A Los Angeles-based aerospace startup is turning science fiction into a potential reality with its bold plan to capture a small asteroid, encase it in a massive inflatable bag, and tow it back to a staging point near Earth for mining and research. On Wednesday, TransAstra Corporation announced that an as-yet-unnamed customer has commissioned a feasibility study for its “New Moon” mission—a project that could retrieve a roughly house-sized asteroid weighing about 100 metric tons and ferry it to a designated safe orbit by the late 2020s. The initiative, if successful, would mark the first-ever retrieval and relocation of an entire asteroid, offering a potential stepping stone toward sustainable in-space manufacturing, propellant production, and even the construction of off-world habitats.

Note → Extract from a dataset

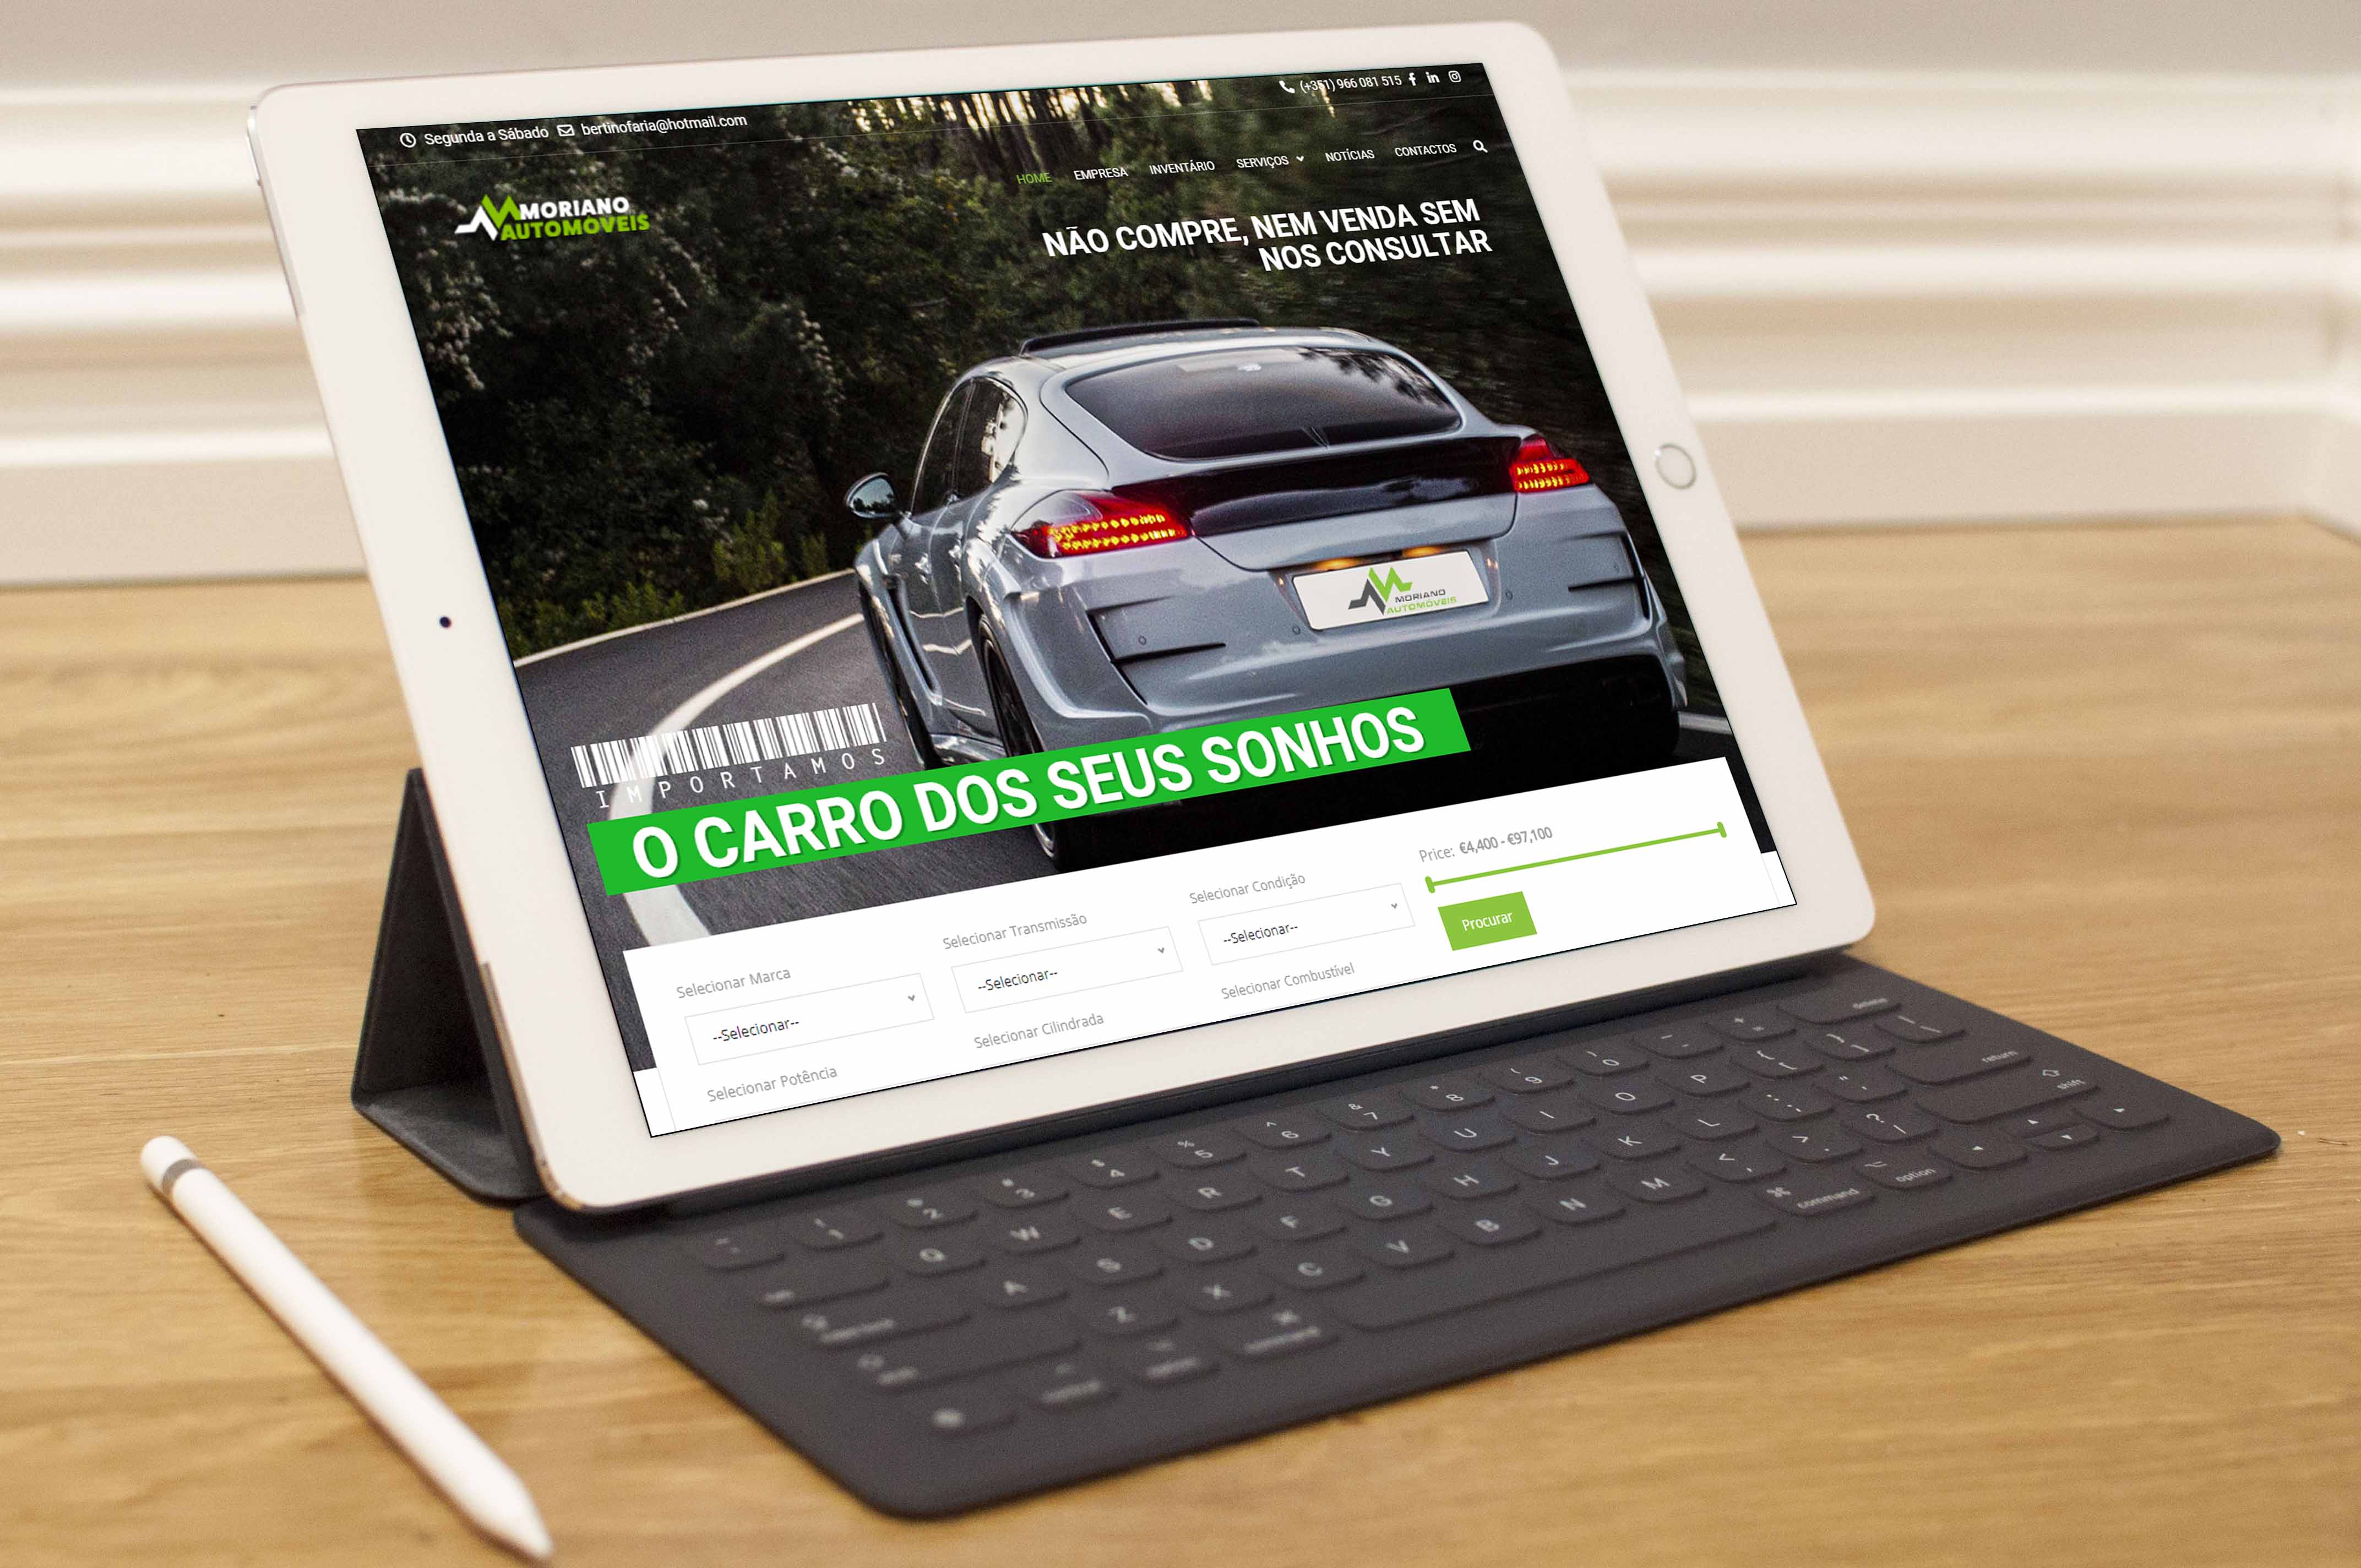 layout-moriano-automoveis-website-stand-automovel-vproductions

Why Capturing an Asteroid Could Revolutionize Space Exploration and Industry

The concept of asteroid mining is not new—it has been a staple of futuristic space economy discussions for decades. What sets TransAstra’s plan apart is its practicality and scale. By targeting asteroids rich in water ice and metals, the mission aims to establish a reliable, in-space supply chain for resources that are prohibitively expensive to launch from Earth. Water extracted from hydrated asteroids can be split into hydrogen and oxygen for rocket fuel, while metals like nickel, iron, and platinum could be used to build structures in orbit or on the Moon. Joel Sercel, TransAstra’s founder and CEO, emphasized the long-term potential in a recent interview: “We envision it becoming a base for robotic research and development on materials processing and manufacturing.” This vision aligns with NASA’s Artemis program goals and broader ambitions to create a sustainable lunar economy.

Water from Space: The Fuel of the Future

Water is the most critical resource in space exploration. Not only is it essential for human survival, but it can also be converted into rocket propellant. Launching water from Earth costs tens of thousands of dollars per kilogram, making it economically unfeasible for large-scale missions. However, water-rich asteroids—particularly C-type (carbonaceous) asteroids—could provide an abundant, accessible source. TransAstra estimates that a single 100-ton asteroid could yield tens of thousands of liters of water, enough to refuel multiple spacecraft. This would drastically reduce the cost of deep-space missions and enable the establishment of orbital fuel depots.

Metals and Minerals: Building the Solar System

Beyond water, asteroids contain a treasure trove of metals. M-type (metallic) asteroids, for instance, are composed largely of iron and nickel, with traces of precious metals like platinum and gold. These materials could be used to construct satellites, space stations, and even habitats on the Moon or Mars. The economic value of a single large metallic asteroid has been estimated in the trillions of dollars. TransAstra’s mission plan includes targeting specific asteroid types based on their composition: C-types for water, M-types for metals, and S-types (stony) for a mix of materials. This targeted approach could maximize the mission’s utility and return on investment.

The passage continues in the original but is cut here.